In his § 2241 petition Petitioner did not deny receiving the warrant application. The warrant application contains an unequivocal notice that a new conviction would result in the forfeiture of the time spent on parole.6
Although Petitioner could have raised the issue of forfeiture at the parole revocation hearing, he failed to do so, and he has provided no explanation for that failure. Moreover, he has not articulated a violation of due process. The minimum requirements of due process at a parole revocation hearing include:
*339(a) written notice of the claimed violations of parole; (b) disclosure to the parolee of evidence against him; (c) opportunity to be heard in person and to present witnesses and documentary evidence; (d) the right to confront and cross-examine adverse witnesses (unless the hearing officer specifically finds good cause for not allowing confrontation); (e) a “neutral and detached” hearing body such as a traditional parole board, members of which need not be judicial officers or lawyers; and (f) a written statement by the factfinders as to the evidence relied on and reasons for revoking parole.
Morrissey v. Brewer, 408 U.S. 471, 488-89, 92 S.Ct. 2593, 33 L.Ed.2d 484 (1972).
Petitioner has not alleged a denial of any of these procedures. Petitioner’s contention that the Commission violated its own rule of procedure is not sufficient to state a due process violation. “[The procedures required before a person may be deprived of his constitutional right to liberty are derived not from the regulation but from the Constitution itself.]” Duckett v.

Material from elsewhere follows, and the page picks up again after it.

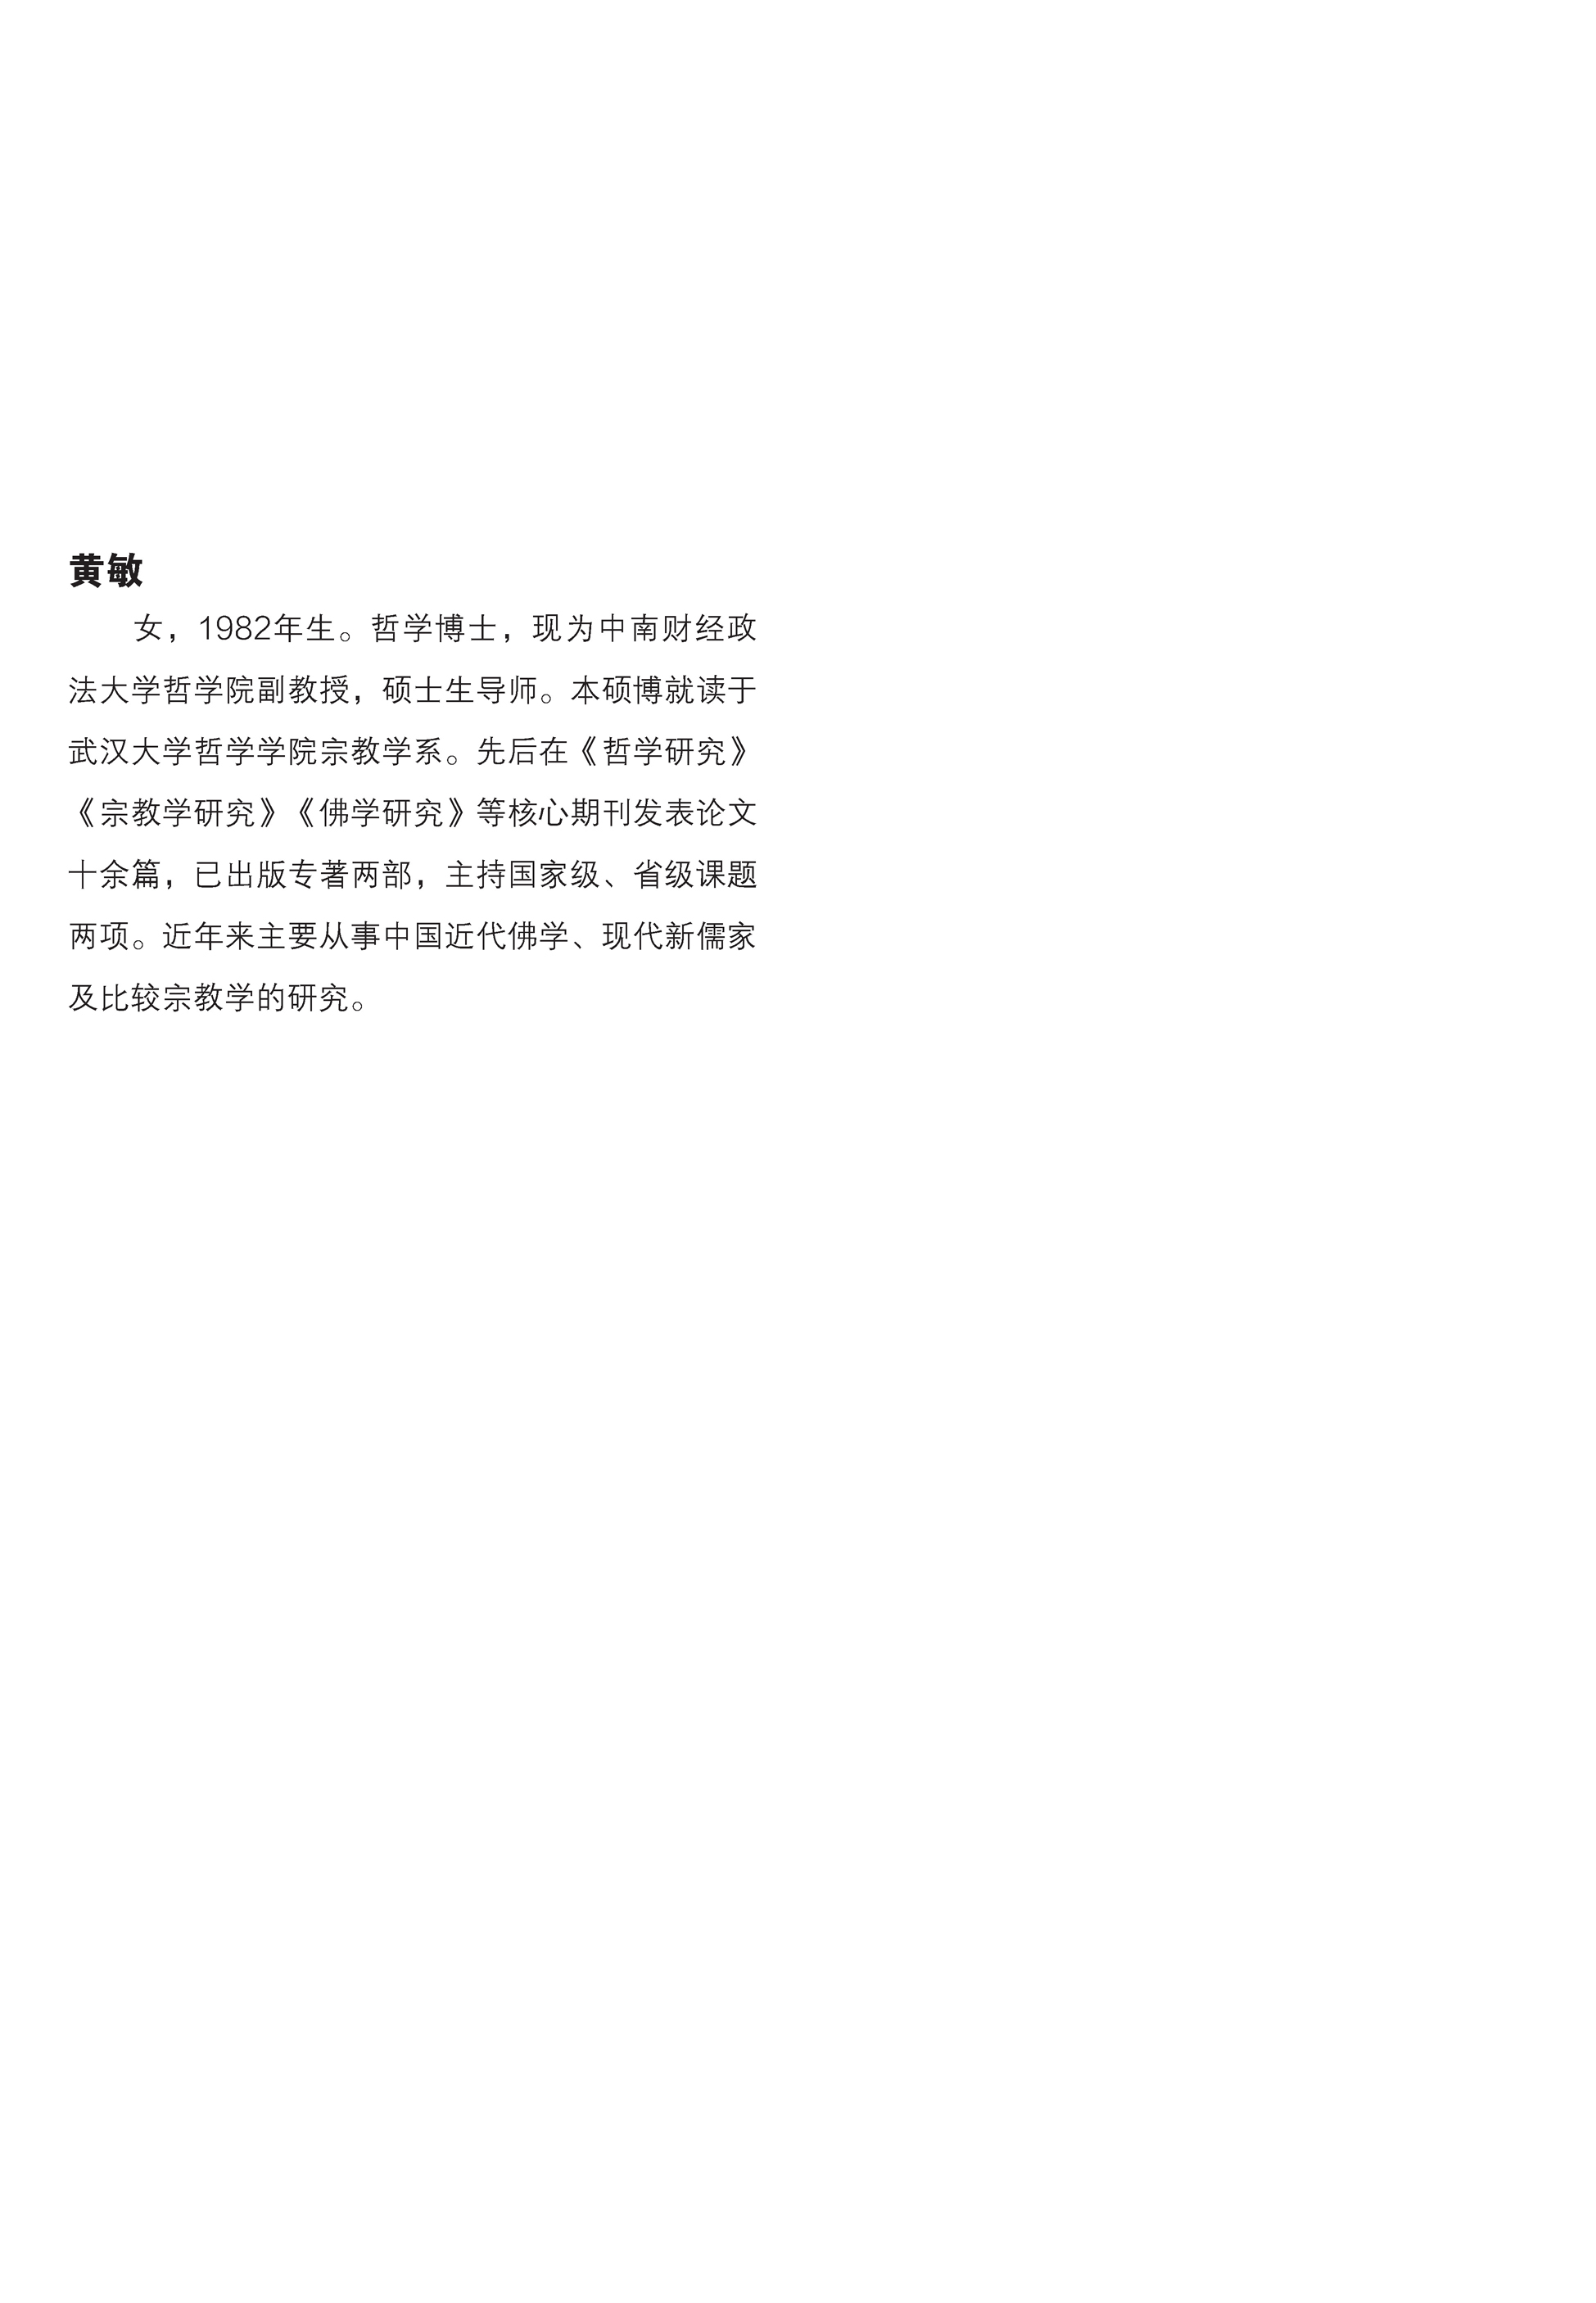 《新唯识论》儒佛会通思想研究pdf/doc/txt格式电子书下载

Quick, 282 F.3d 844, 848 (D.C.Cir.2002) (citing Greenholtz v. Inmates of Neb. Penal & Correctional Complex, 442 U.S. 1, 14-16, 99 S.Ct. 2100, 60 L.Ed.2d 668 (1979)).

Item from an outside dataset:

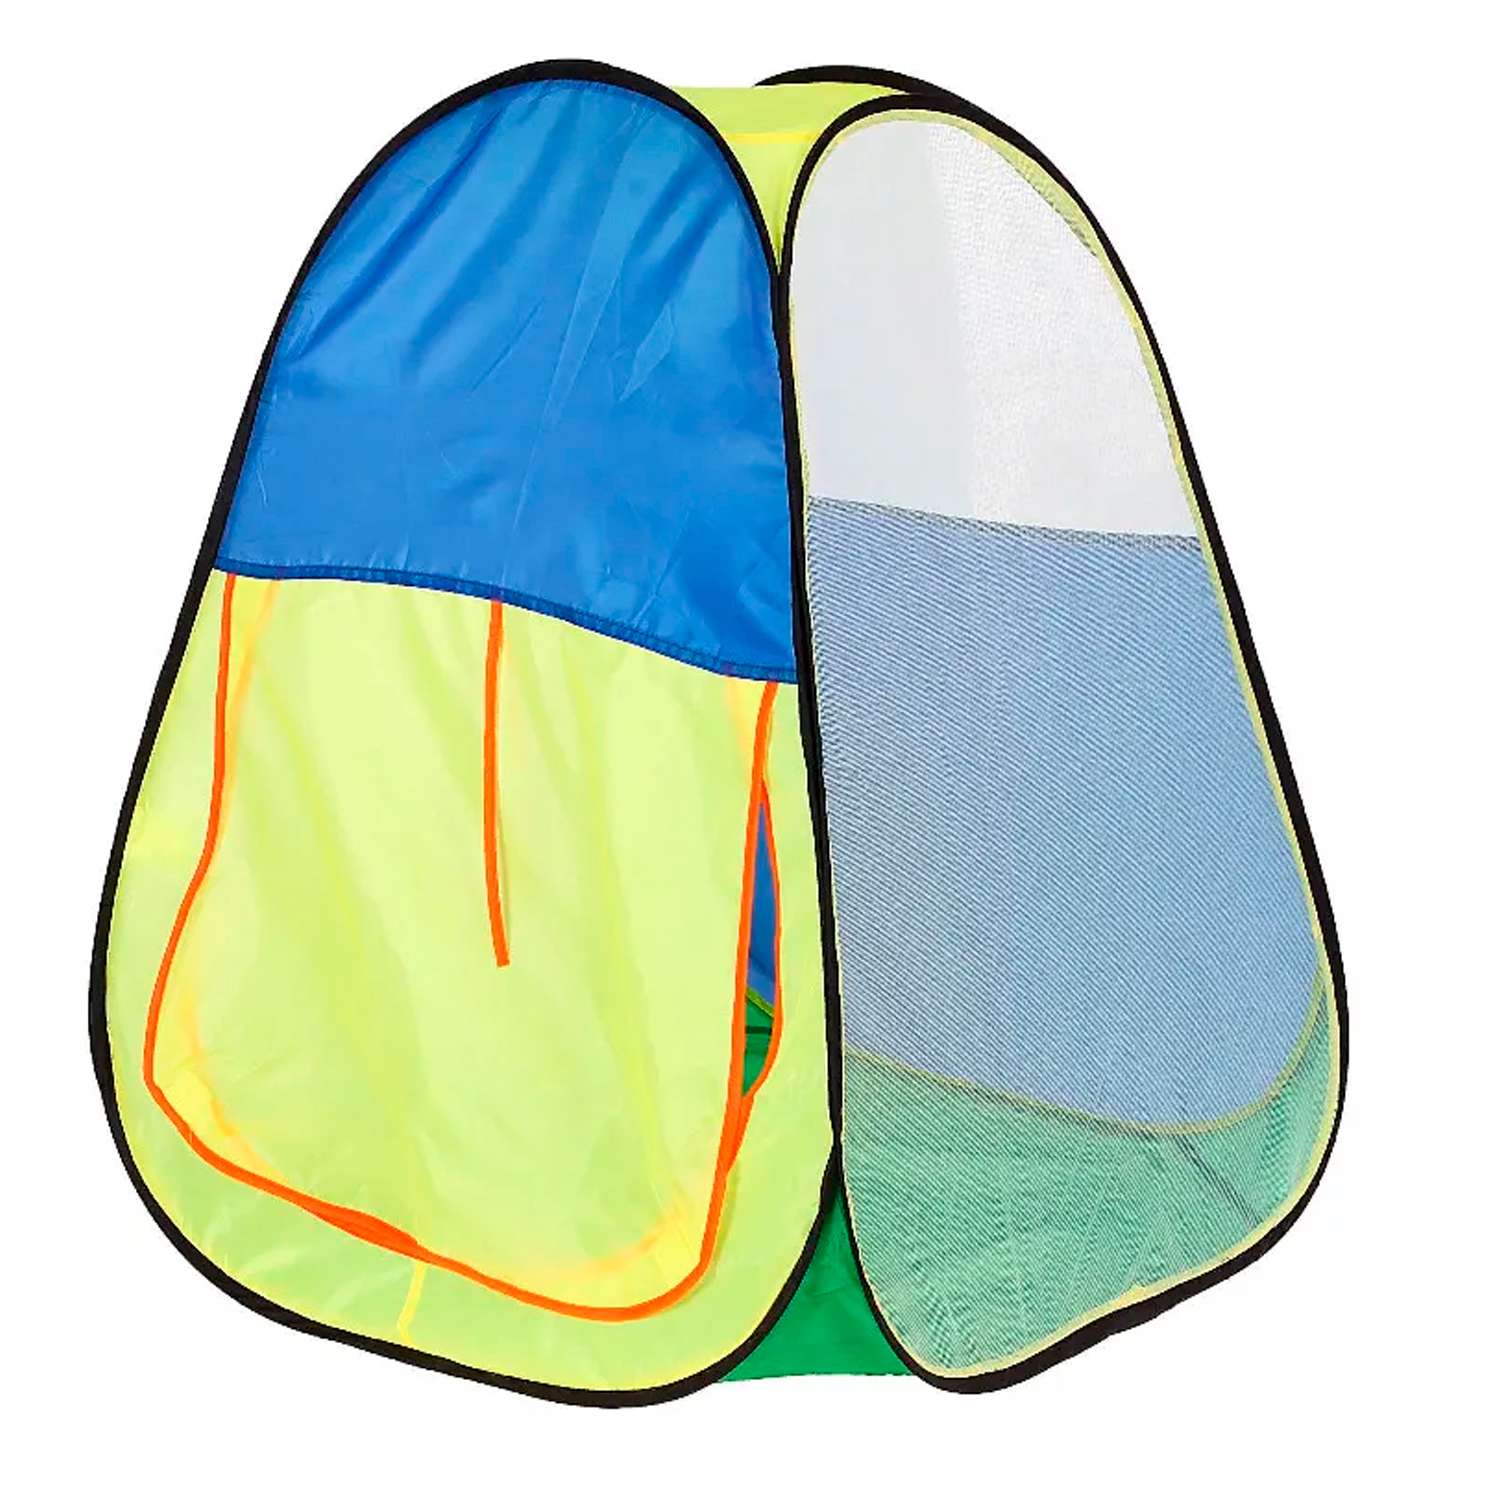 Игровая палатка Avocadoffka разноцветная - фото 2

Petitioner does not deny that he received all of the constitutional safeguards that were due. There simply is no authority for requiring that rights of which a parolee has been given written notice be discussed at the hearing even if they are not raised by the parolee. Because Petitioner was notified of the possibility of forfeiture, the lack of discussion concerning this possibility at the hearing was not a denial of due process.
y.
Petitioner’s final contention on appeal is that the Commission acted without jurisdiction because its jurisdiction terminated on July 10, 2001, the expiration date of the maximum term or terms of imprisonment for which he was sentenced.
By statute the Commission’s jurisdiction terminates upon expiration of the maximum term of imprisonment. 18 U.S.C. § 4210(a). A summons or warrant may be issued only within the prisoner’s maximum term or terms. 28 C.F.R. § 2.44(c).

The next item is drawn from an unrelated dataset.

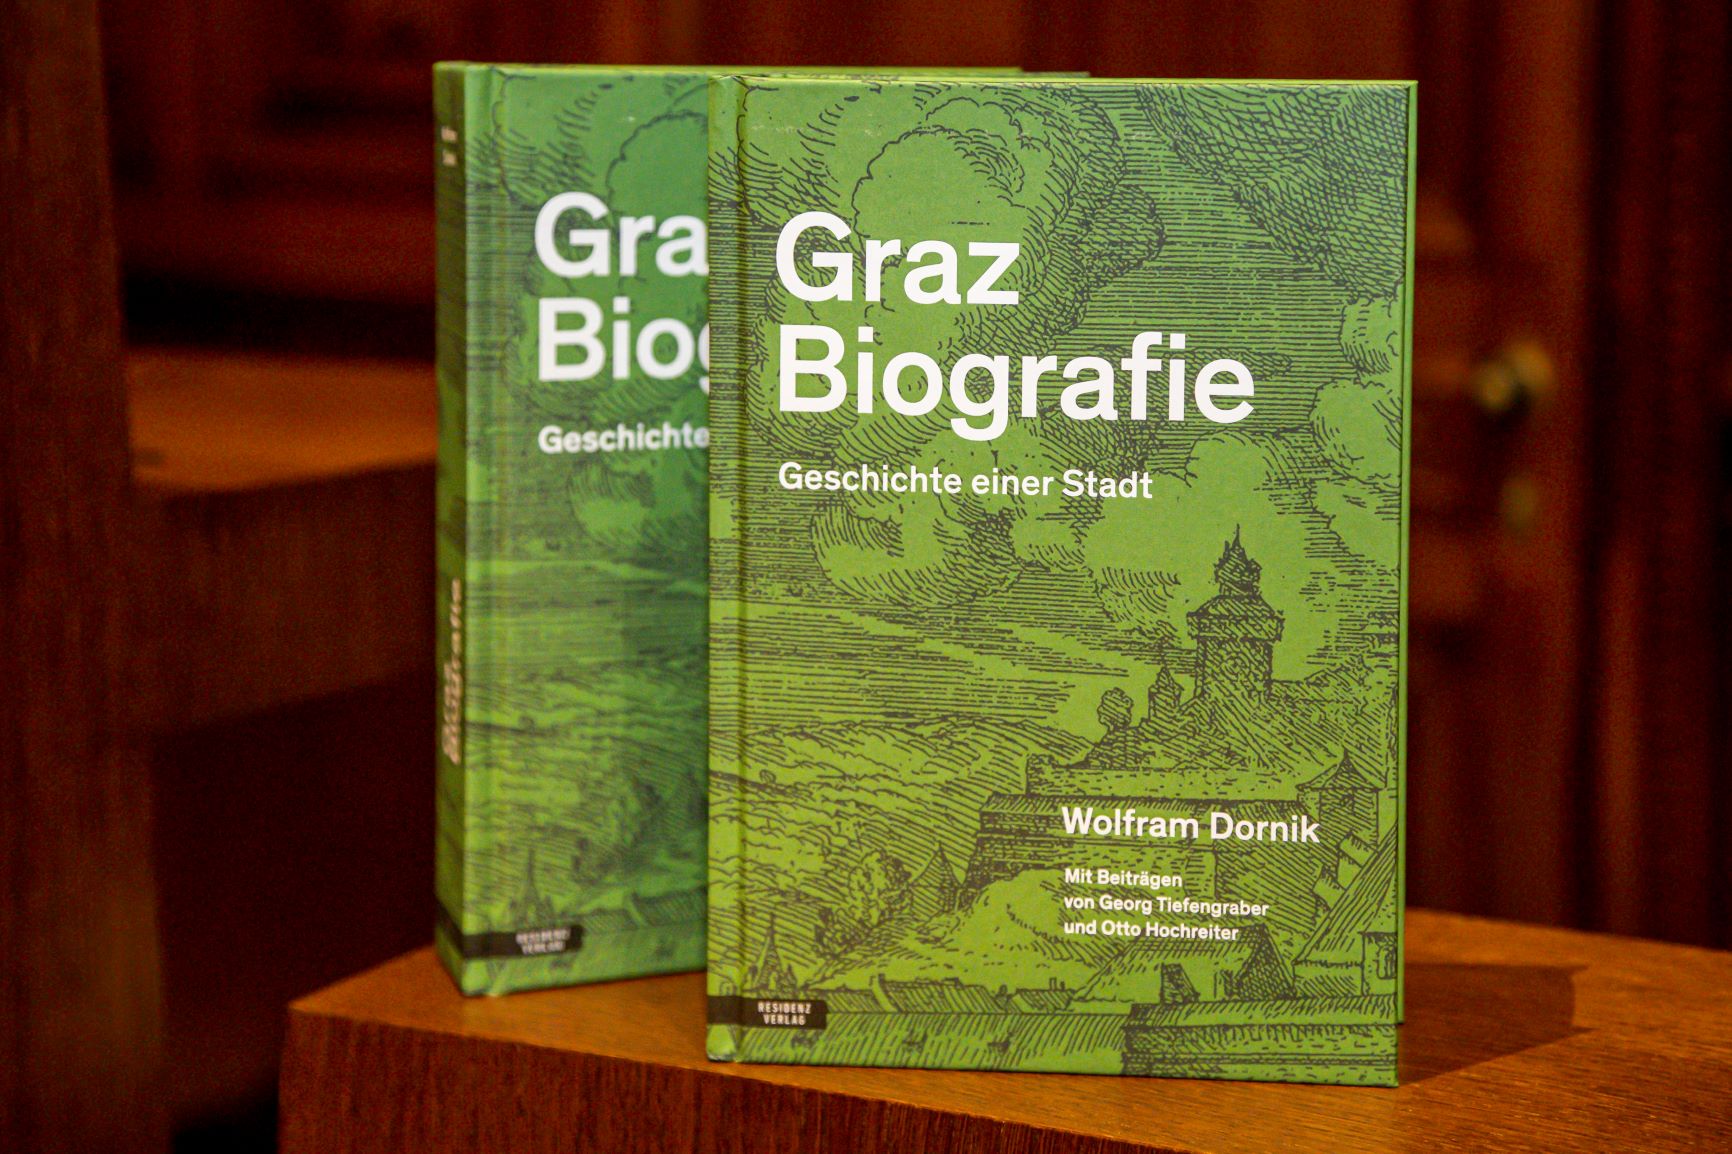 Auf einem dunkelbraunen Holzpult sind zwei exemplare de Buches Graz Biografie nebeneinander aufgestellt.

Petitioner has not correctly calculated the expiration date of his maximum term of imprisonment. Petitioner was sentenced in 1986 to 15 years on a drug conspiracy charge and to a consecutive 3 years for violating the conditions of his probation on an earlier charge, for a total of 18 years. When Petitioner was paroled in 1992 his parole certificate indicated that he was to be subject to supervision until July 9, 2004. The Commission issued its warrant on February 17, 2000, well before the expiration of its jurisdiction.
Moreover, even if the court were to accept Petitioner’s calculation that his sentence expired on July 10, 2001, the Commission nevertheless had jurisdiction to act because it issued its warrant prior to the expiration of Petitioner’s maximum sentence. The issuance of a warrant “operates to bar the expiration of the parolee’s sentence” and “maintains the Commission’s jurisdiction to retake the parolee either before or after the normal expiration date of the sentence and to reach a final decision as to revocation of parole and forfeiture of time pursuant to § 2.52(c).” 28 C.F.R. § 2.44(d).
For the foregoing reasons we AFFIRM the district court’s denial of Petitioner’s petition for a writ of habeas corpus.